Como muitos antigos combatentes naturais da Guiné, o Amadú Djaló raramente usava trajes africanos ou sinais da sua pertença religiosa. Usava-os, por vezes, em ocasiões especiais ligadas à sua prática religiosa, nomeadamente no Ramadão, quando ia à Mesquita ou quando assistia a alguma cerimónia que, de algum modo, envolvia a sua religião. Nas cerimónias militares e nos encontros de antigos combatentes, ao contrário de outros antigos combatentes oriundos da Guiné, Amadú Djaló não tinha por hábito usar elementos que remetessem para a sua origem africana ou muçulmana, a não ser o almoço que levava de casa, ou a refeição especialmente encomendada para ele, para não correr o risco de comer carne de porco. Nessas ocasiões, Amadú Djaló raramente levava as medalhas que recebera pela sua participação na Guerra.

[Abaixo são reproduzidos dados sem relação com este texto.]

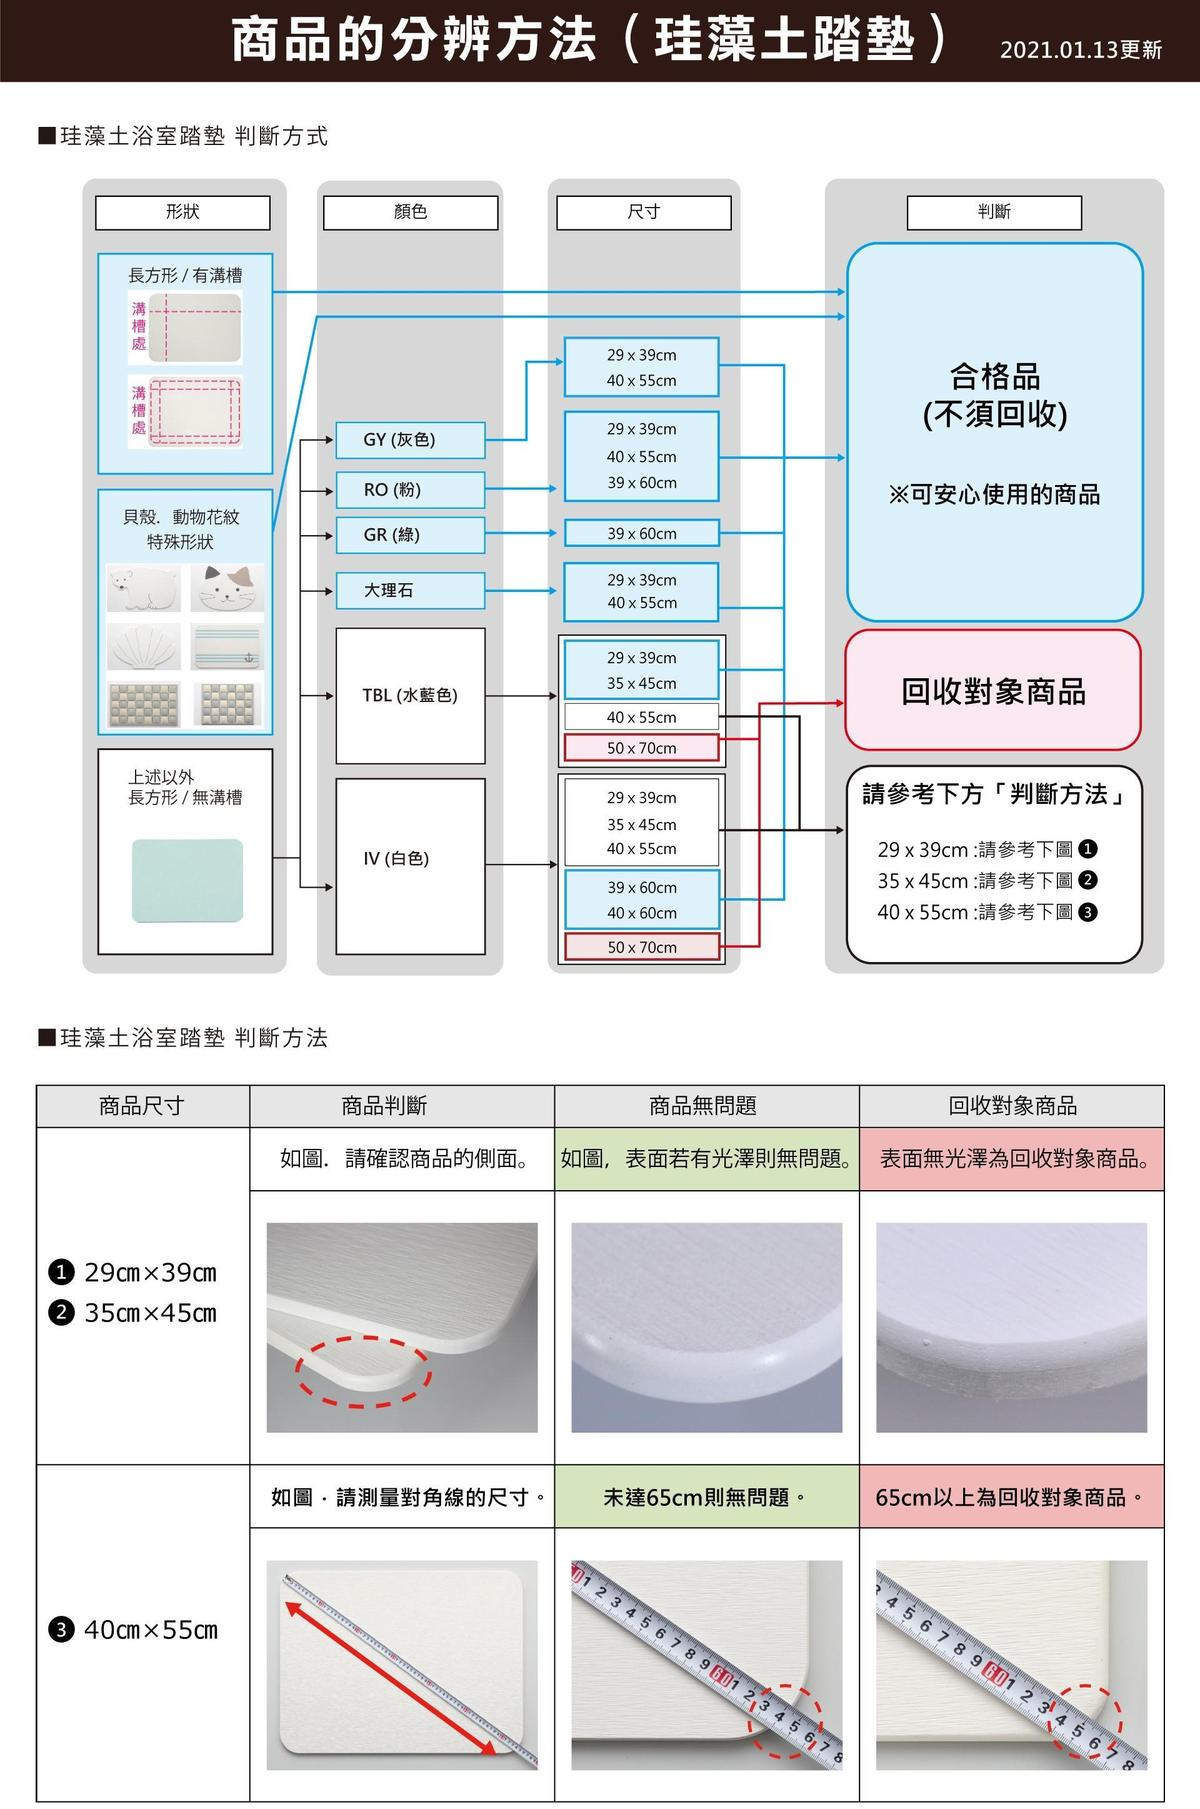 浴室踏墊回收商品分辨方法。(翻攝自宜得利官網)

Mas, nessas ocasiões, não deixava de transportar outros sinais que denunciavam a sua pertença às FAP, tais como a sua boina e o seu crachá de comando, dos quais se orgulhava, como sucedeu na cerimónia do dia 29 de Junho de 2007 que assinalou um momento muito especial para os comandos da Guiné. Nesse dia foram descerradas duas lápides com os nomes dos comandos da Guiné fuzilados após 1974. Entre os homens que presidiram a cerimónia de descerramento das placas de homenagem estava o Amadú Bailo Djaló.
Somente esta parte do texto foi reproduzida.